It’s no big secret to local residents that the Ladysmith Harbour has gone to the birds.
For more than 20 years, the Ladysmith Maritime Society has played host to an Island-wide recovery program which has slowly helped bring the Western Purple Martin back from the brink of extinction on a wing and a prayer.
On July 24, the bird’s the word as the society hosts an open house on the Purple Martin. People can learn more about the recovery program, see the birds in action and take part in a banding session.
“It’s a good news story because so many people over the years have gotten together to champion the restoration of this bird and now they can stand back,” said Charlene Lee, project co-ordinator for the BC Purple Martin Recovery Program.
“We really don’t want to lose anymore species. We’re losing enough as it is with logging and climate change.”
The program began after a provincial government survey completed in the mid-1980s revealed there were only five to 10 breeding pairs of the avian in the Strait of Georgia, which is the only location they are found in B.C.
Cue a group of dedicated naturalists and citizens who began to build and install artificial nest boxes designed to keep out the Martins’ competition — the European Starling.
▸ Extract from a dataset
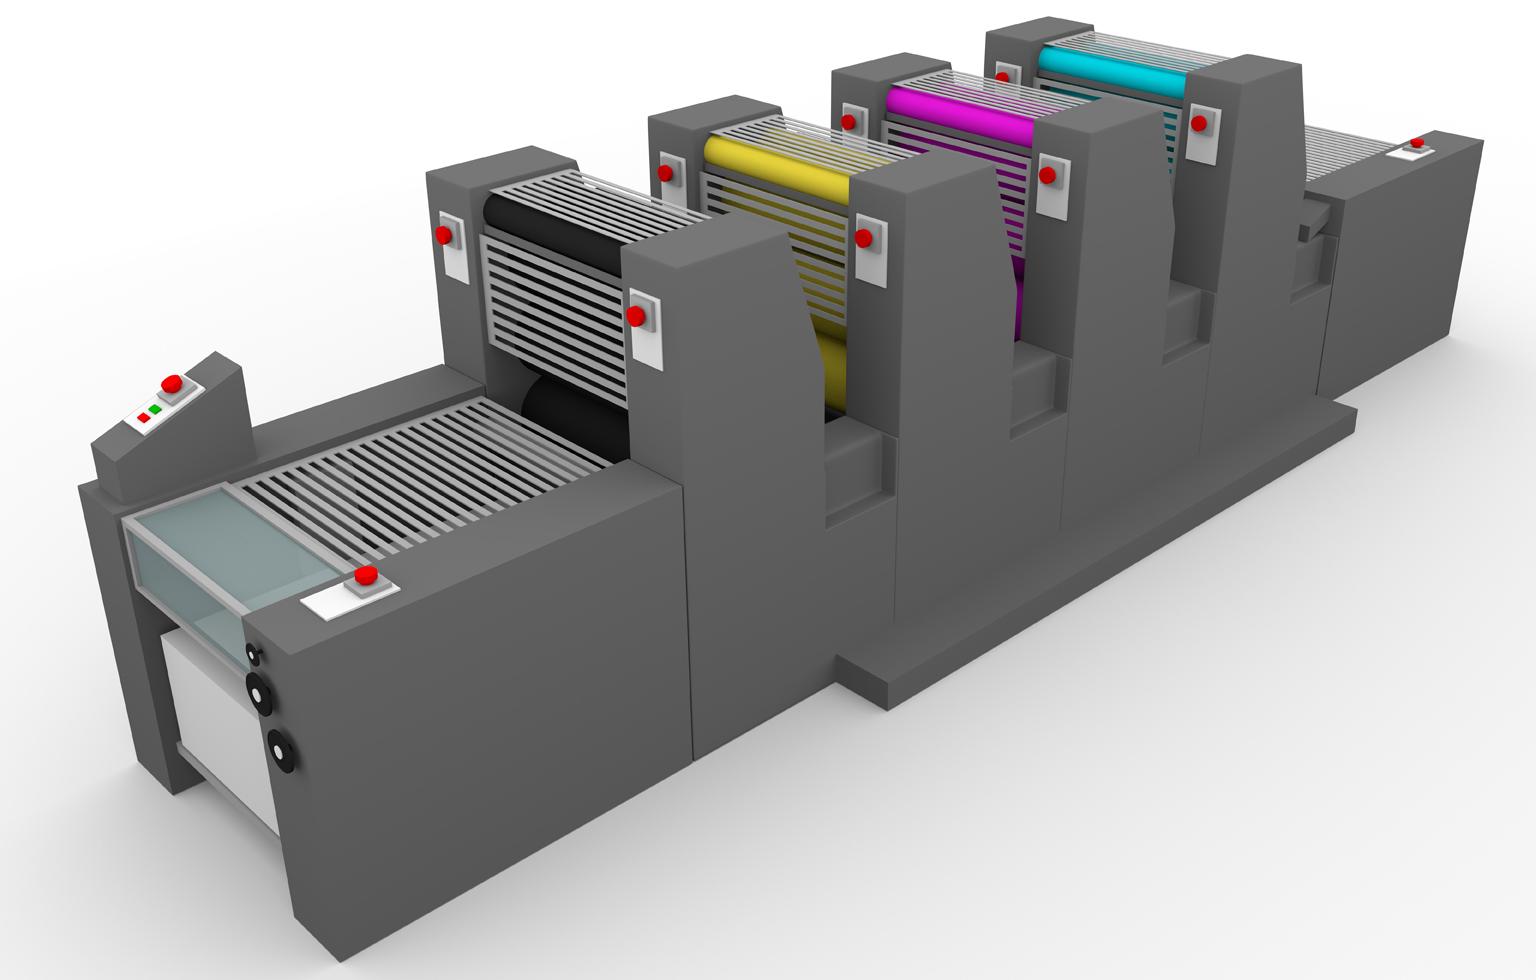 Bogenoffset-Druckmaschine mit Bogenanleger und vier Druckwerken

The boxes were first placed in the Victoria and Cowichan areas where the bird was sighted, but spread across the Island and Lower Mainland in the years following.
Last year, there were a grand total of around 600 breeding pairs in 51 active colonies in B.C.
There are currently 45 active nests at the Ladysmith marina, and there are still first-year birds that are only just starting to nest and lay eggs, Lee said. Ladysmith Harbour has about 80 nest boxes and has seen as many as up to 70 nests in one season.
“It’s become one of the most successful colonies in the province,” said local avian author and enthusiast Bruce Whittington.
“Ladysmith’s an ideal place, and they’ve shown us that they really like to nest over or beside the water.”
“They’re a neat bird… they make a pretty sound when you hear them, and most people seem be quite happy to have them around.”
The Western Purple Martin is the largest swallow in North America and should not be confused with the Eastern Purple Martin, which lives east of the Rockies.
“They’re different genetically, they’ve been separated from the Eastern Purple Martin for over 200,000 years, but if you had them in your hand, you might not be able to tell the difference,” Lee said.
The most distinctive is the adult male, who has a dark blue/black which appears purple in some lights. The female has more brown wings and back with a little bit of blue/black along her back and the top of her head, Lee said.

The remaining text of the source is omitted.